A “strategy” is a plan developed by a reader to assist in comprehending and thinking about texts, when reading the words alone does not give the reader a sense of the meaning of a text. In recent years, reading comprehension strategy instruction has come to the fore in reading instruction at all age and grade levels. By helping students understand how these flexible tools work, teachers enable readers to tackle challenging texts with greater independence.
Strategy instruction is rooted in the work of David Pearson and his colleagues, who studied the processes of proficient readers, and then sought ways to teach these processes to struggling readers. While there is debate about the relative importance of different strategies (or even if some should be deleted from or added to the list), most researchers and practitioners agree about a core set of seven strategies:
1. Activating background knowledge to make connections between new and known information. In many classrooms, this instruction is divided into three categories of connection as defined by Colleen Buddy — text-to-self, text-to-text, and text-to-world (Buddy quoted in Keene and Zimmerman, 2007).
2. Questioning the text. Proficient readers are always asking questions while they read. Sticky notes (post-its) have become ubiquitous in classrooms in part because they are such a useful tool for teaching students to stop, mark text, and note questions as they read.
3. Drawing inferences. Proficient readers use their prior knowledge about a topic and the information they have gleaned in the text thus far to make predictions about what might happen next. When teachers demonstrate or model their reading processes for students through think-alouds, they often stop and predict what will happen next to show how inferring is essential for comprehending text.

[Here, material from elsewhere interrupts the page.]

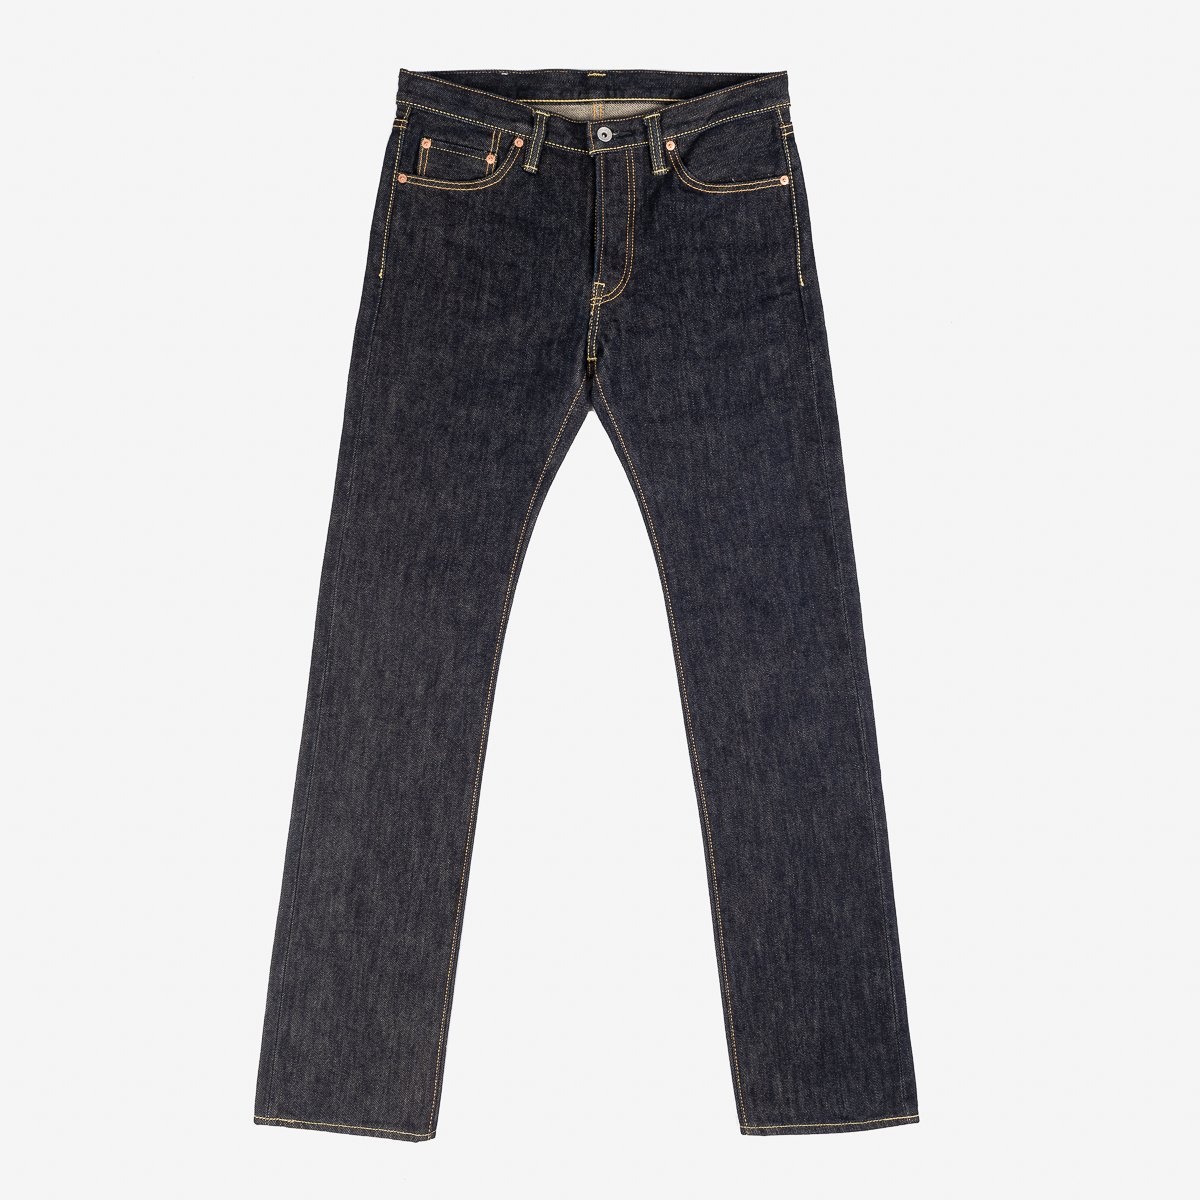 IH-666S-21 21oz Selvedge Denim Slim Straight Cut Jeans - Indigo - 1

4. Determining importance. In the sea of words that is any text, readers must continually sort through and prioritize information. Teachers often assist readers in analyzing everything from text features in nonfiction text like bullets and headings, to verbal cues in novels like strong verbs. Looking for these clues can help readers sift through the relative value of different bits of information in texts.
5. Creating mental images. Readers are constantly creating mind pictures as they read, visualizing action, characters, or themes. Teachers are using picture books with students of all ages, not necessarily because they are easy to read, but because the lush and sophisticated art in these books can be a great bridge for helping students see how words and images connect in meaning-making.
6. Repairing understanding when meaning breaks down. Proficient readers don’t just plow ahead through text when it doesn’t make sense — they stop and use “fix-up” strategies to restore their understanding. One of the most important fix-up tools is rereading, with teachers demonstrating to students a variety of ways to reread text in order to repair meaning.
7. Synthesizing information. Synthesis is the most sophisticated of the comprehension strategies, combining elements of connecting, questioning, and inferring. With this strategy, students move from making meaning of the text, to integrating their new understanding into their lives and world view.
References
Pearson, P. David, L.R. Roehler, J.A. Dole, and G.G. Duffy. 1992. “Developing Expertise in Reading Comprehension.” In S. Jay Samuels and Alan Farstrup, eds. What Research Has to Say About Reading Instruction, 2nd Edition. Newark, DE: International Reading Association.
Zimmerman, Susan and Ellin Keene. 2007. Mosaic of Thought. Portsmouth, NH: Heinemann.